Physics Heat Series 2 Examination (Step-by-step working for each problem)

WARI SECONDARY SCHOOL

PHYSICS HEAT SERIES 2

Question 1: Thermometry

(a)(i) Thermometric Property

Definition: A physical property that changes measurably and reproducibly with temperature and can be used to measure temperature.

Examples: Electrical resistance, volume of liquid, gas pressure, thermoelectric emf.

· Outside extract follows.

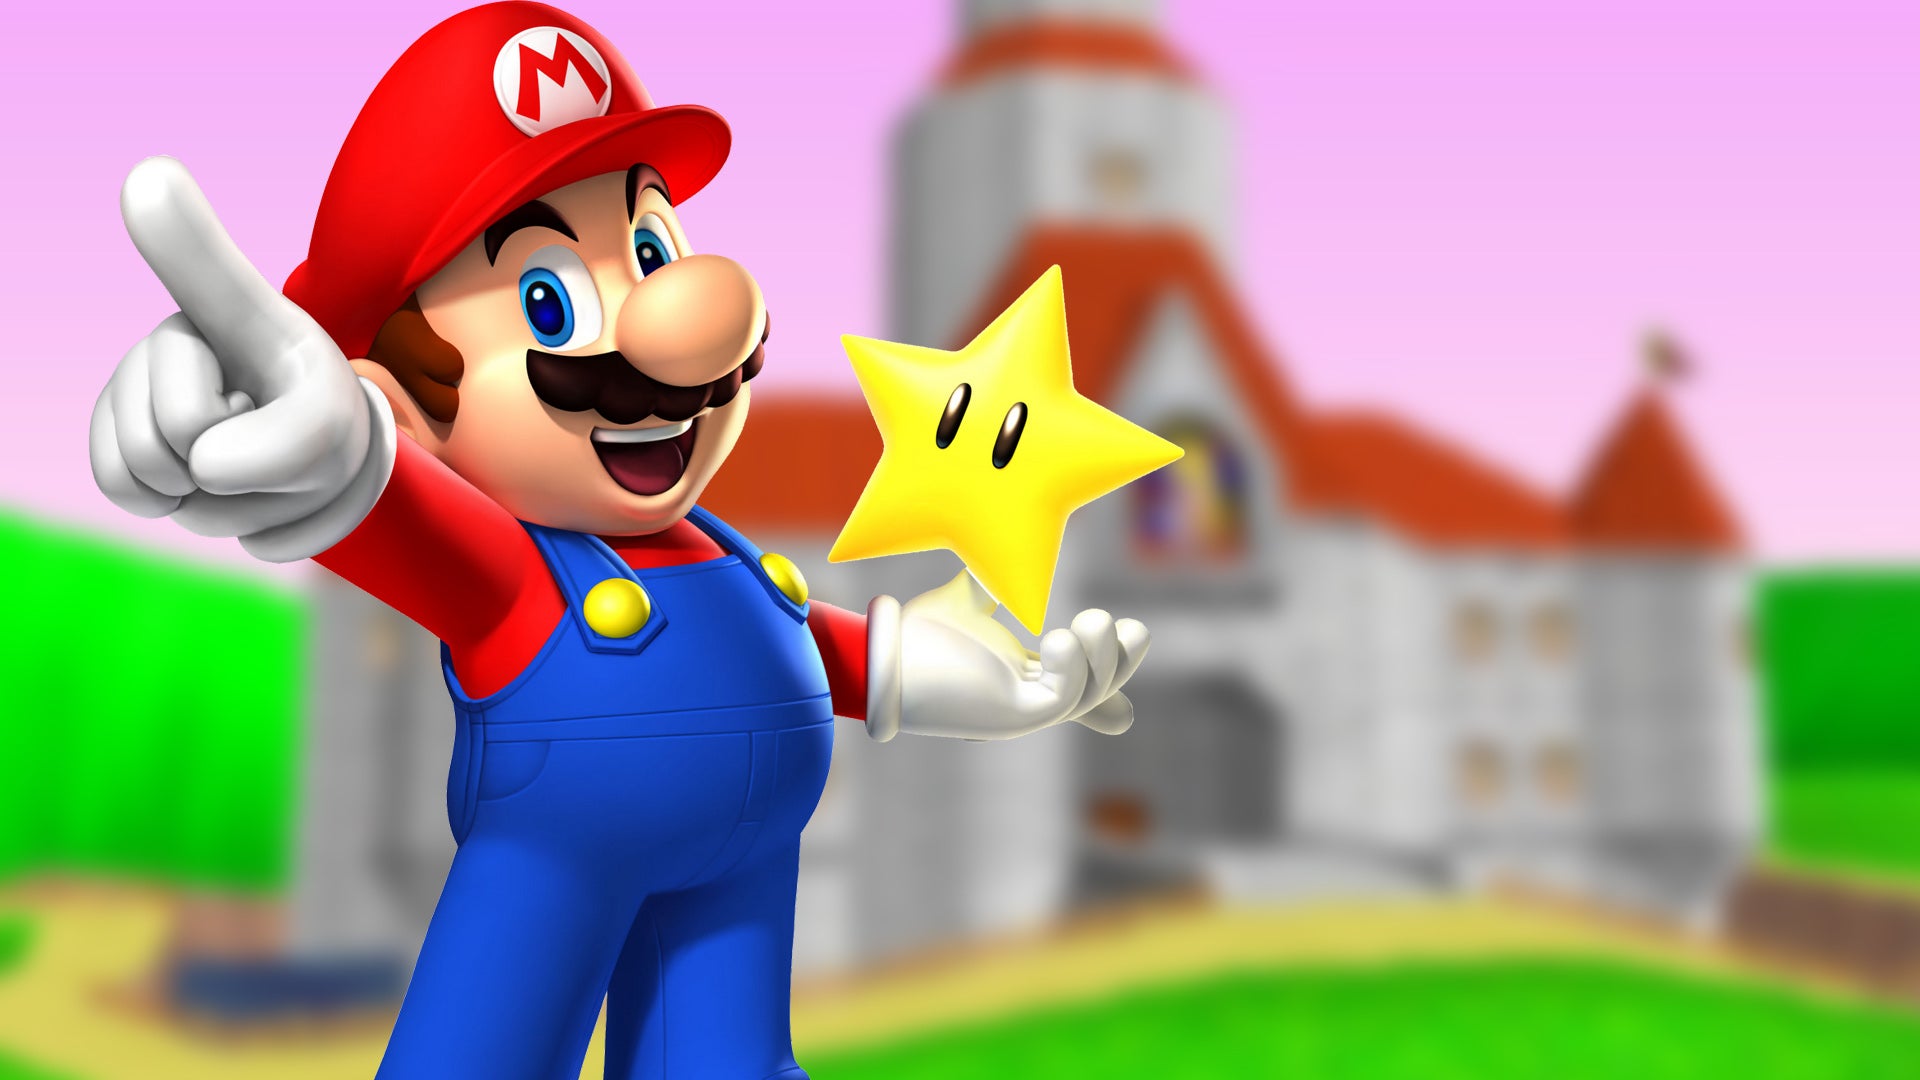 UNIQLO akan meluncurkan pada bulan April lini pakaian baru yang terinspirasi oleh Super Mario

(a)(ii) Platinum Resistance Thermometer

Platinum is used because:

1. High melting point (1768°C) allows wide temperature range
2. Resistance varies linearly with temperature over wide range
3. Chemically stable and doesn't oxidize easily
4. Reproducible resistance-temperature relationship

(b)(i) Platinum Thermometer Characteristics

1°C Change Meaning: Corresponds to a specific change in resistance (ΔR = R₀α where α is temperature coefficient)

Advantages:

1. High accuracy (±0.001°C possible)
2. Wide range (-200°C to +850°C)

Limitation for Varying Temperatures: Thermal inertia of platinum wire causes slow response to rapid temperature changes

(b)(ii) Temperature Scale Conversion

Given: R_θ = R₀(1 + 800αθ - αθ²)
At θ = 400°C:
R₄₀₀ = R₀(1 + 800α×400 - α×400²)
= R₀(1 + 320000α - 160000α) = R₀(1 + 160000α)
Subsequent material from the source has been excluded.